Cytotoxicity and genotoxicity of panel of single- and multi-walled carbon nanotubes: in vitro effects on normal Syrian Hamster Embryo (SHE) and immortalized V79 hamster lung cells

Carbon nanotubes (CNTs) belong to a very specific class of nanomaterials with unique properties. Because of their anticipated use in a wide range of industrial applications, their toxicity is of increasing concern.

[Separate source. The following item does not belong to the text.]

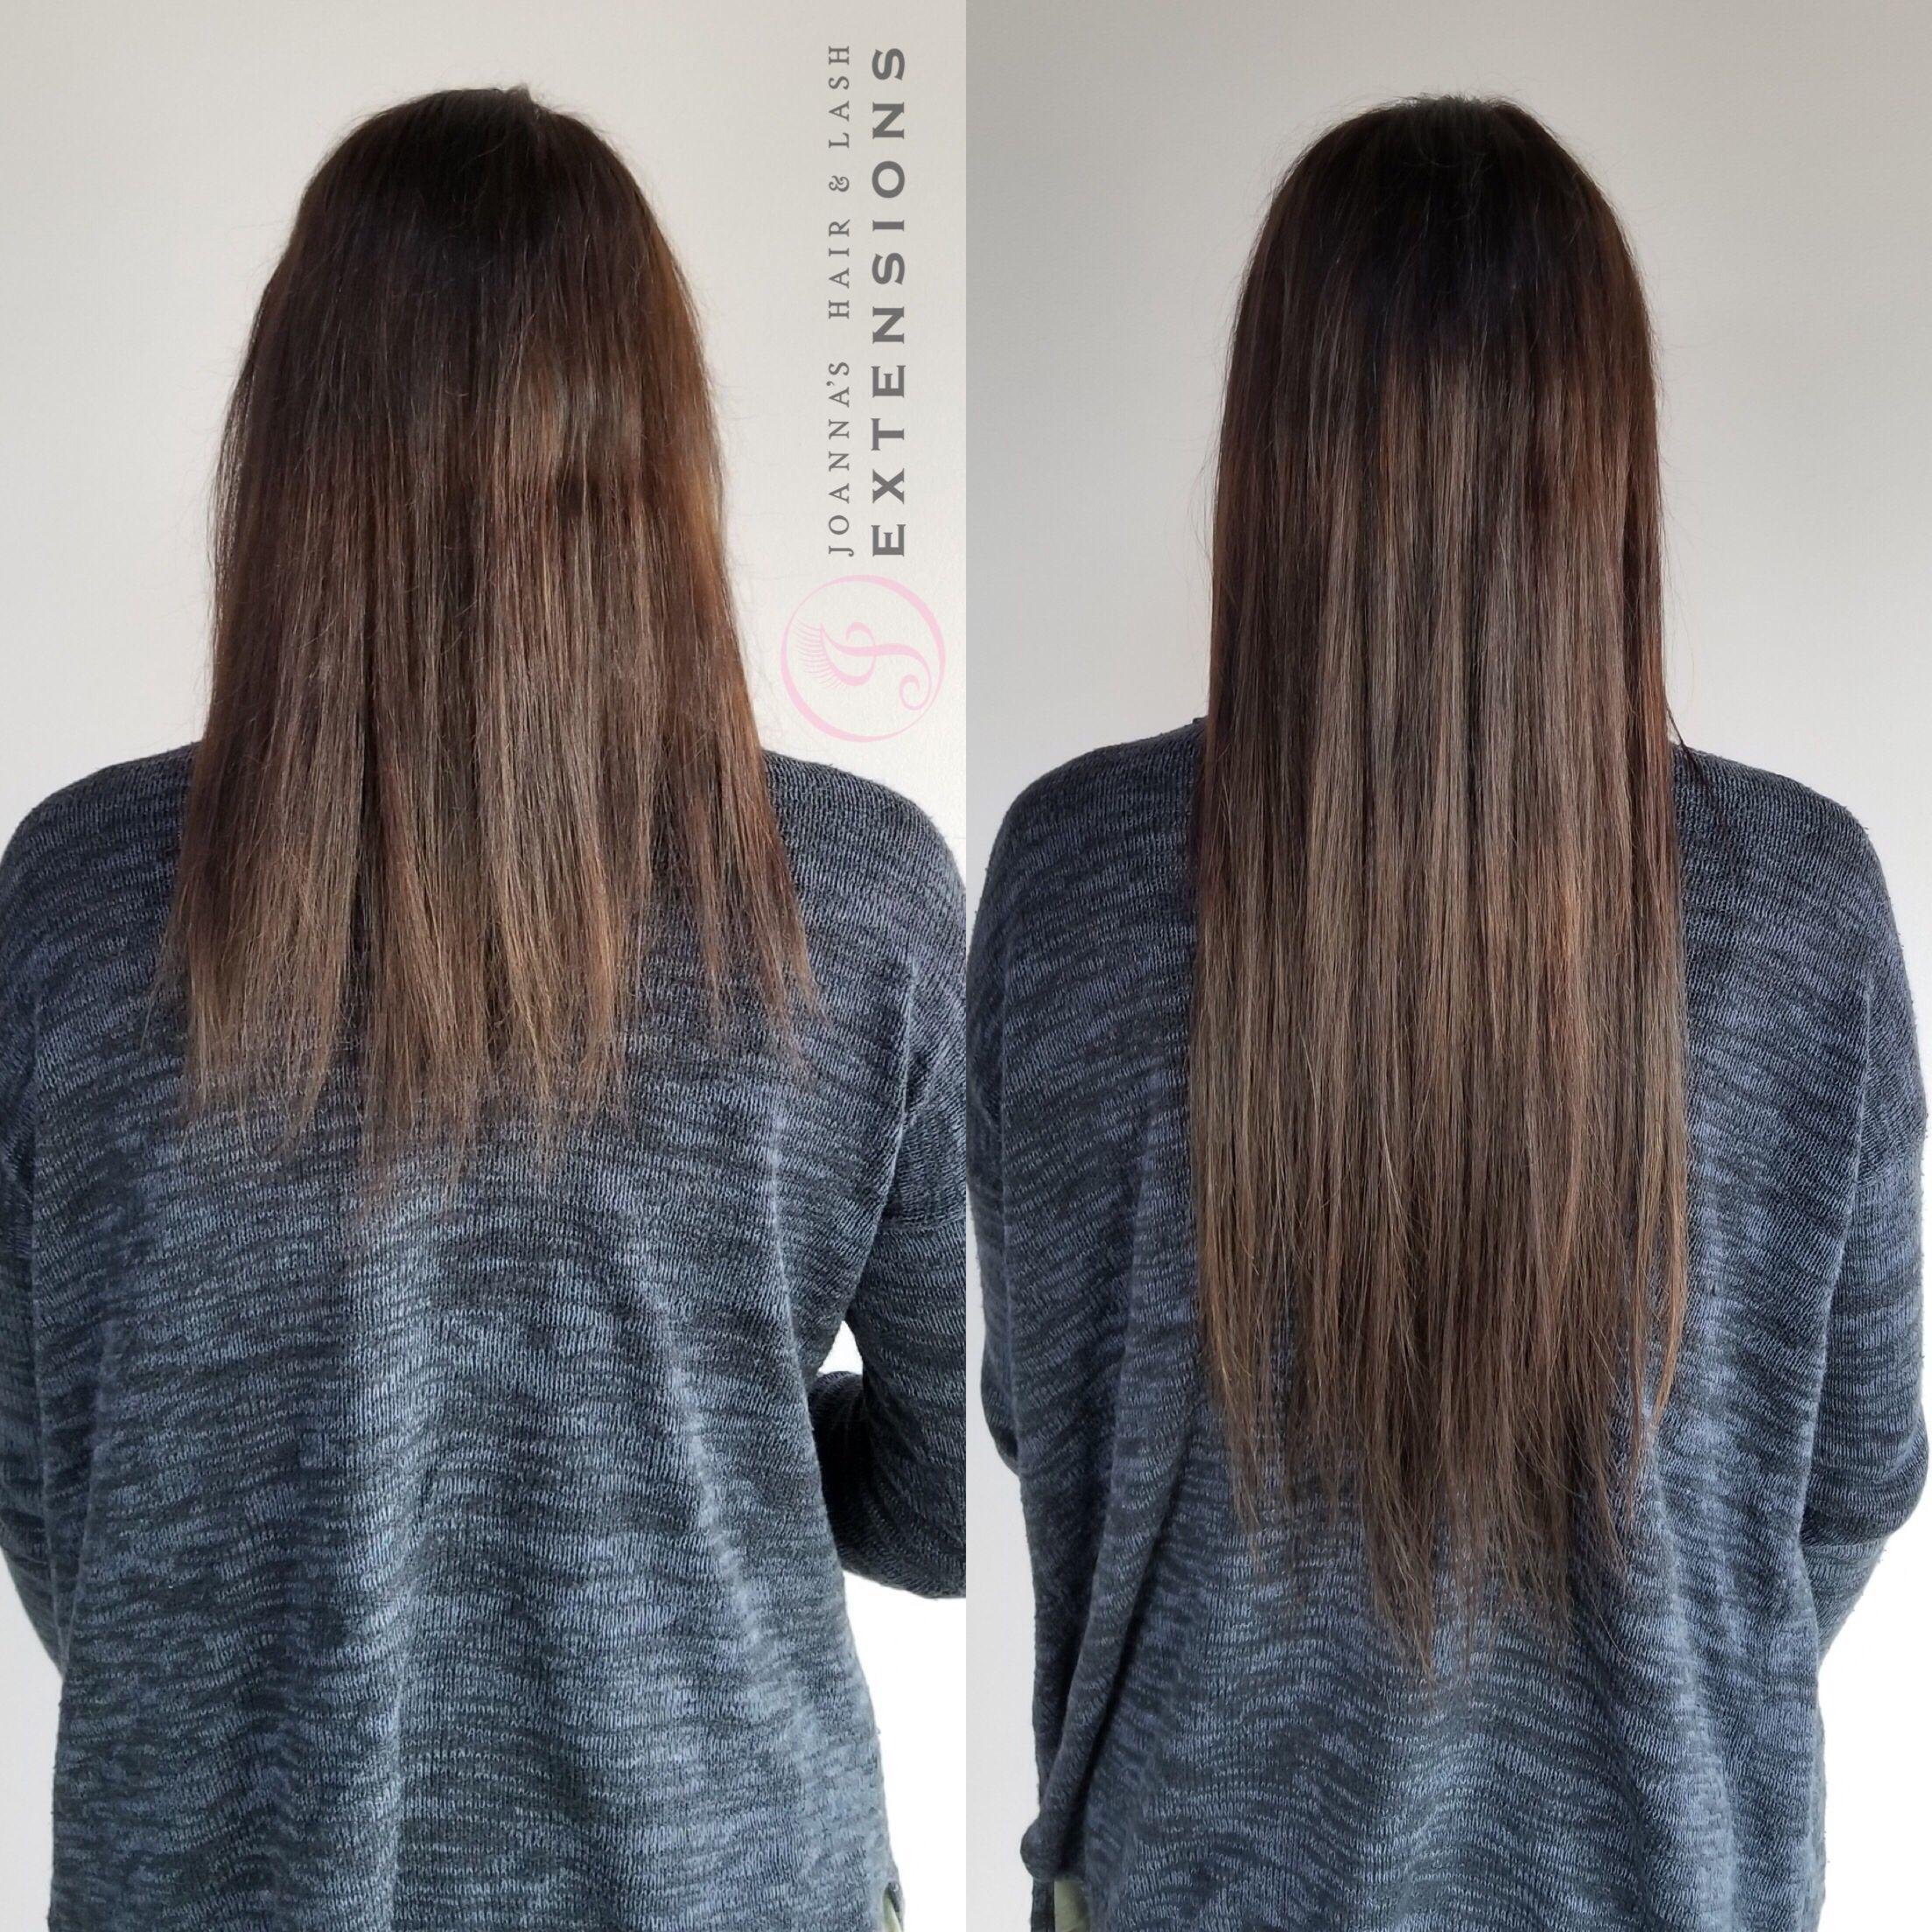 Dreamcatcher European Hair Extensions Call 312498 7542 Www
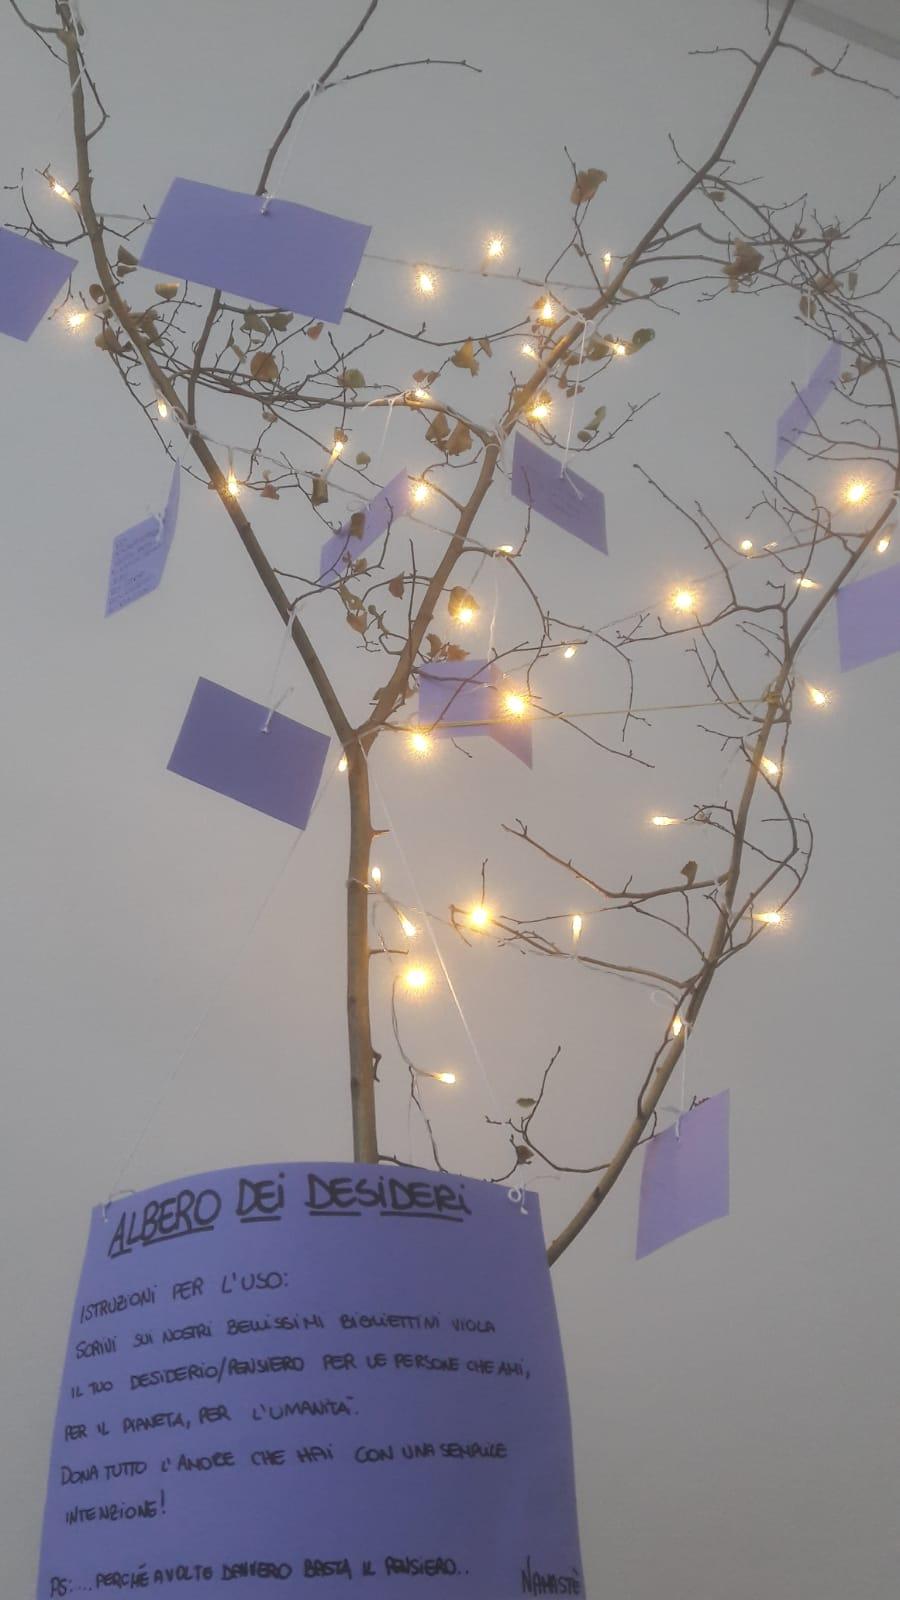 eyeb essere yoga e benessere alassio natale 2018 - albero dei desideri

In order to determine whether specific physico-chemical characteristics of CNTs are responsible for their toxicological effects, we investigated the cytotoxic and genotoxic effects of eight CNTs representative of each of the commonly encountered classes (single-, double- and multi-walled CNTs; purified and raw). In addition, because most previous studies of CNT toxicity were conducted on immortalized cell lines, we decided to compare results obtained from V79 cells, an established and well-known cell line, with results from SHE (Syrian Hamster Embryo) cells, an easy-to-handle normal cell model which also has the advantage of being a non-transformed/modified cell model.
After 24 hours of treatment, multi-walled carbon nanotubes were generally found to be more cytotoxic than single- or double-walled CNTs. Multi-walled CNTs also provoked more genotoxic effects, as revealed by micronucleus assays in both cell types and by the comet assay in SHE cells. No correlation could be found between CNT genotoxicity and metal impurities, length, surface area, or induction of cellular oxidative stress, but genotoxicity was seen to increase with CNT width. The cytotoxicity and genotoxicity observed for some CNTs lead us to suggest that they might also act by interfering with the cell cycle, but no significant differences were observed between normal and immortalized cells.